Il faut aussi parler de l’habitacle, parce que là aussi le vernis a sérieusement craqué. La RS5 reprend l’intérieur de l’Audi A5, et clairement, on n’est plus chez l’Audi qui humiliait la concurrence sur la qualité perçue. Les plastiques durs se multiplient, certaines surfaces sonnent creux et les ajustements n’ont plus cette précision chirurgicale qui faisait la réputation de la marque. Oui, il y a des écrans partout. Oui, ça brille. Mais derrière le décor numérique, on sent une fabrication qui s’est banalisée. On est au niveau d’un généraliste bien optionné, pas d’un constructeur premium qui facturait autrefois sa rigueur au prix fort. Quand on compare avec les habitacles Audi d’il y a quinze ans, le déclassement est évident. La RS5 ne sauve rien de ce côté-là. Elle s’inscrit dans cette logique de réduction de coûts à peine déguisée. Et pour une RS, c’est franchement gênant.


Un style qui reste toutefois sans critique possible ...

Il faut toutefois reconnaître un point à cette RS5 : son style fonctionne. Les hanches élargies lui donnent une vraie présence, presque arrogante, avec une assise au sol qui inspire immédiatement la stabilité et la puissance. Les voies semblent larges, la voiture paraît posée, ancrée, bien campée sur ses appuis. À l’avant, le travail derrière la roue avant mérite aussi d’être souligné : ce décroché de carrosserie entre l’aile et la porte apporte une tension visuelle intéressante et rappelle, dans l’esprit, certaines lignes vues sur la Porsche Taycan. Cela structure le profil, évite la masse uniforme et donne du relief à l’ensemble. Audi a peut-être perdu en pureté mécanique, mais en matière de proportions et de présence visuelle, la RS5 reste convaincante.


Le diffuseur s'équipe de carbone forgé pour être dans la tendance ...

Conclusion

Si on prend du recul, l'évolution de cette RS5 2026 se situe presque exclusivement du côté de l'électrification. Le V6 2.9 TFSI reste dans la continuité technique de ce qu'Audi maîtrisait déjà. Le châssis progresse, la transmission reste efficace, la finition demeure irréprochable. Mais le vrai bouleversement, c'est l'ajout d'une batterie de 25,9 kWh et d'un moteur électrique de 130 kW.

Et c'est là que le positionnement devient douteux.

Face à une sportive 100 % électrique, la RS5 se retrouve en dessous en termes de réactivité pure. La délivrance de puissance, même avec 825 Nm cumulés, reste moins immédiate qu'un couple électrique disponible sans inertie, sans boîte, sans montée en régime. Le départ arrêté est efficace, mais pas aussi brutal ni aussi simple qu'avec une électrique bien née.

Dans le même temps, elle conserve les contraintes du thermique : entretien plus complexe, architecture lourde, gestion thermique sophistiquée, sonorité devenue filtrée et peu expressive. L'hybridation ajoute encore du poids, encore de la complexité, sans rendre l'auto réellement plus légère ou plus vivante.

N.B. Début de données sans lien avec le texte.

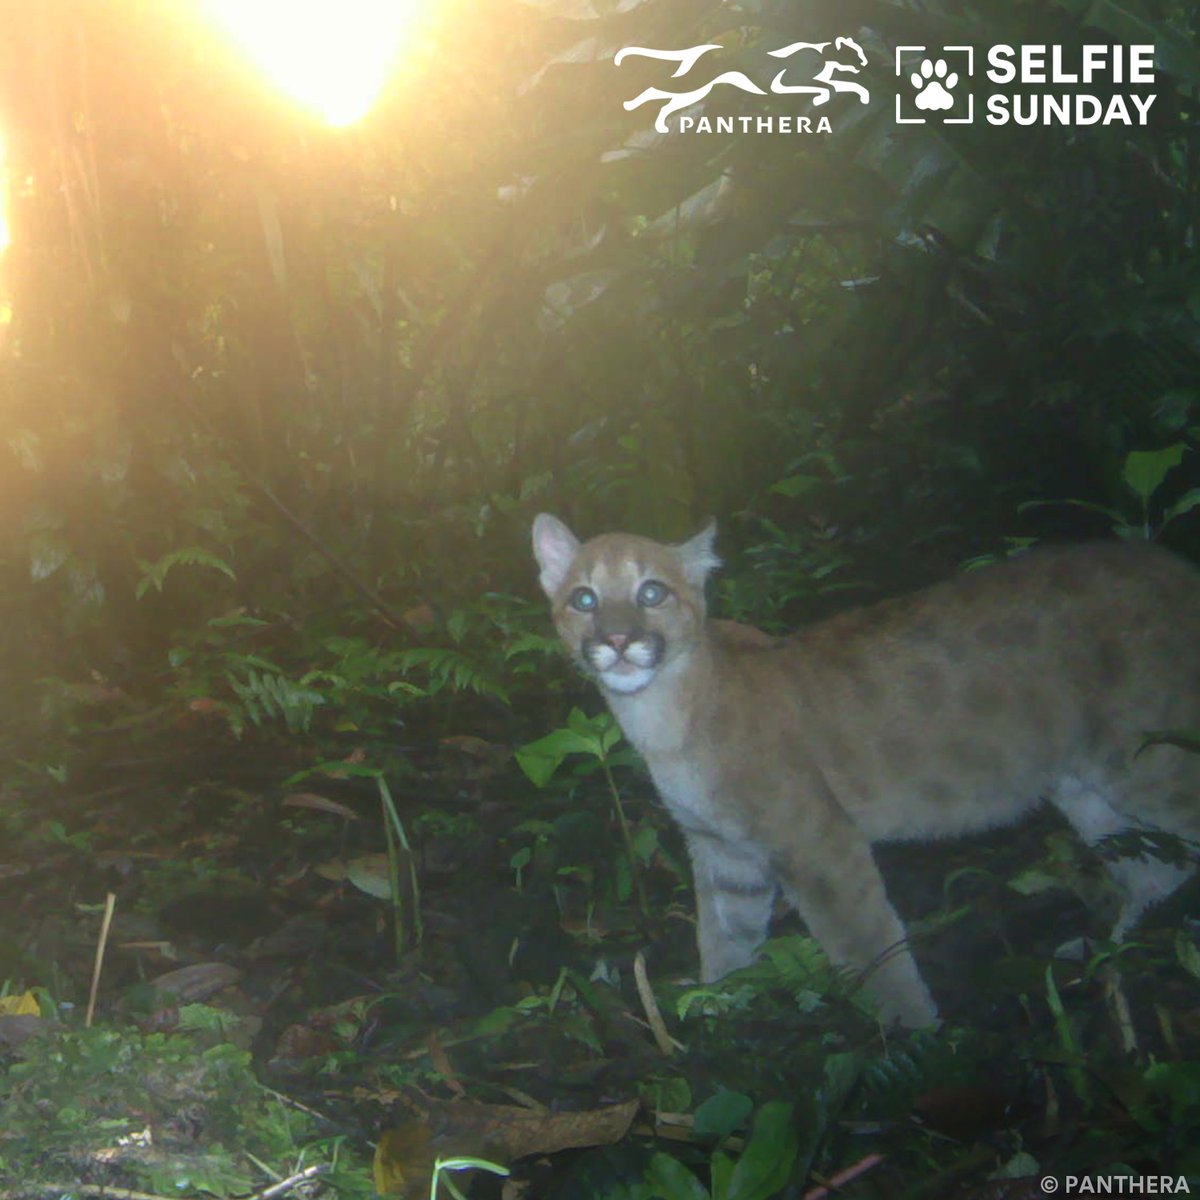 This young #SelfieSundaySpecies is losing its spots, but don't worry! Did you know that puma kittens are born with spots, which they gradually lose in their first two years? Learn more about Panthera's work in making roads safer for pumas in Costa Rica: bit.ly/3Fbsi4v
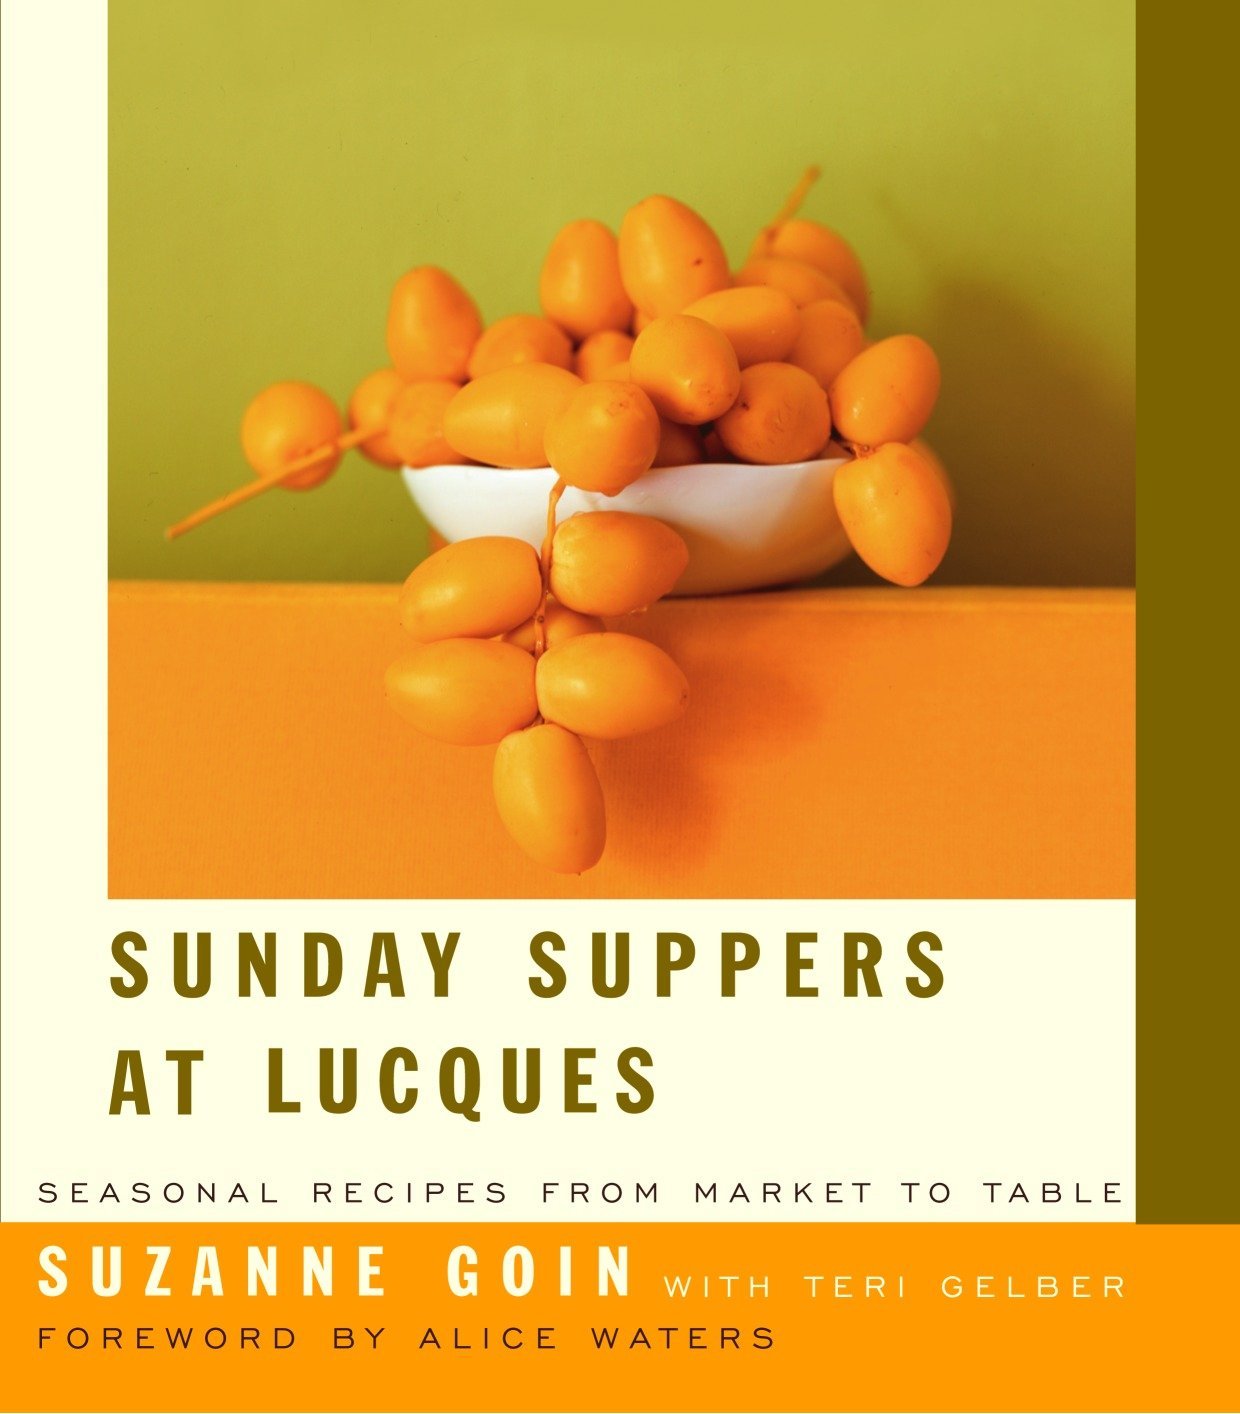 Sunday Suppers at Lucques: Seasonal Recipes from Market to Table

Au final, cette RS5 cumule les inconvénients des deux mondes plus qu'elle n'en combine les qualités. Elle est plus lourde qu'avant, moins mécanique dans son ressenti, et pas aussi radicale qu'une électrique moderne en performance pure.

Elle évolue, oui. Mais principalement pour s'adapter. Pas pour redevenir une référence incontestable.